3.4. DBSCAN-Based Post-Processing Module

Due to inertial navigation errors, the localization of the same target varies across different survey lines. To satisfy the requirements of subsequent path planning, this paper employs the Density-Based Spatial Clustering of Applications with Noise (DBSCAN) algorithm [27] to cluster these discrete position coordinates.

The algorithm defines two key parameters: ε, which represents the radius of the neighborhood around a data point, and MinPts, the minimum number of points required to form a dense region. The points are categorized as follows.

• Core Point: A point is defined as a Core Point if its ε-neighborhood contains at least MinPts points (including itself). Core Points serve as the “seeds” of a cluster.
• Border Point: A point that is not a Core Point but lies within the ε-neighborhood of a Core Point is classified as a Border Point. Border Points belong to the cluster of the associated Core Point but cannot expand the cluster further.
• Noise Point: Points that are neither Core Points nor Border Points are considered Noise Points. These are treated as outliers or background noise and do not belong to any cluster.

The workflow of the DBSCAN algorithm is described as follows in Algorithm 1.

Algorithm 1 Density-Based Spatial Clustering of Applications with Noise(DBSCAN).

1. Initialization: Mark all points as “unvisited”.

2. Iteration: Randomly select an unvisited point p from the dataset.

3. Check: If the number of points in the ε-neighborhood of p is less than MinPts, then p is temporarily labeled as a Noise Point. If the number of points in the ε-neighborhood of p is greater than or equal to MinPts, then p is identified as a Core Point. A new cluster is created, and p along with all points in its neighborhood are added to this cluster.

4. Expansion: For each Core Point newly added to the cluster, the algorithm recursively examines its ε-neighborhood. If a point within this neighborhood is also identified as a Core Point, all points in its neighborhood are incorporated into the current cluster. This process continues iteratively until no new points can be added to any cluster.

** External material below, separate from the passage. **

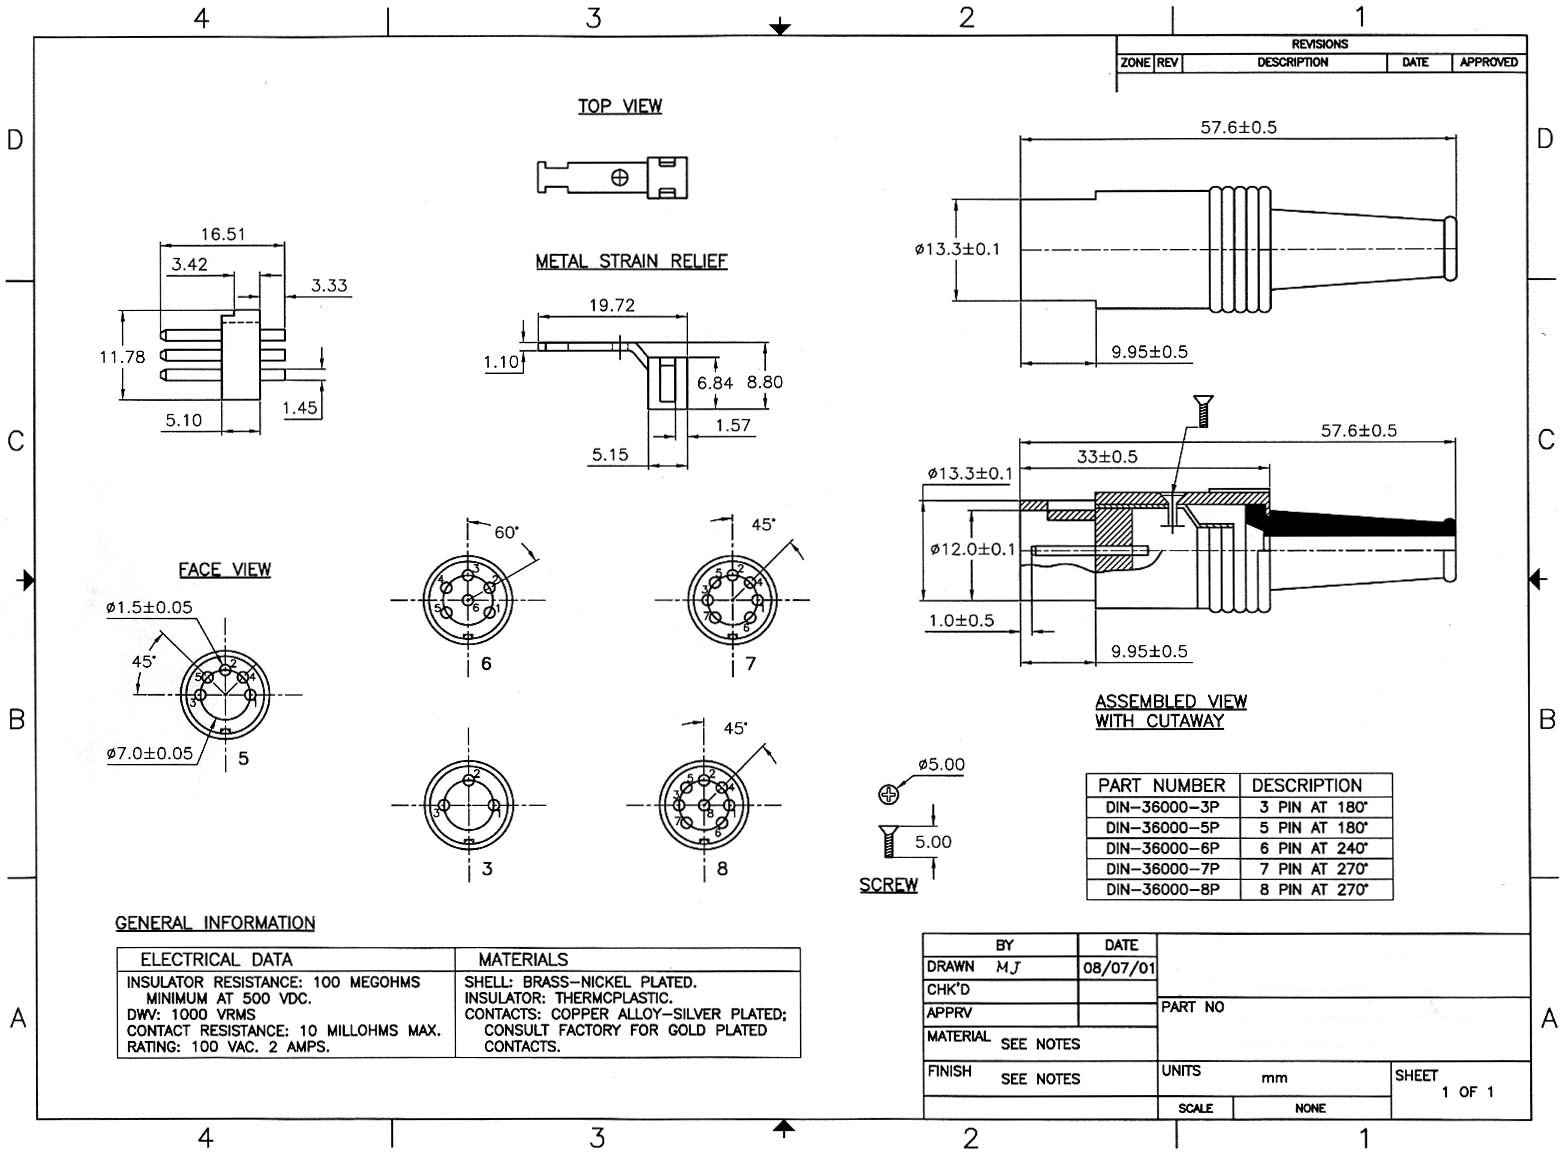 5 pin din to rca plug wiring diagram rj11 xlr quotes flagstaff

5. Repetition: Repeat steps 2–4 until all points have been visited. Ultimately, every point is either assigned to a cluster or labeled as Noise Point.

Unlike the traditional K-Means algorithm, which clusters data based on the distance to cluster centroids, DBSCAN groups data points based on “density connectivity,” allowing it to handle arbitrary data distributions without being constrained by shape. Furthermore, DBSCAN does not require the number of clusters to be specified in advance. Consequently, the DBSCAN algorithm is well-suited for underwater target clustering scenarios.

4. Dataset

In order to train and validate the proposed Spatial Distribution Probability-Guided Detection Module, an actual collection of side-scan sonar datasets for submarine targets is carried out.

4.1. Data Acquisition

A proprietary “Sea-Whale” UUV equipped with ES4590 side-scan sonar systems from Hytratron is utilized as the data collection platform for the experiment, which is shown in Figure 9a. ES4590 side-scan sonar systems possess both high- and low-frequency modes, and the low-frequency mode is used in our experiments. The parameter details are shown in

Table 1. Sonar parameters for the ES4590.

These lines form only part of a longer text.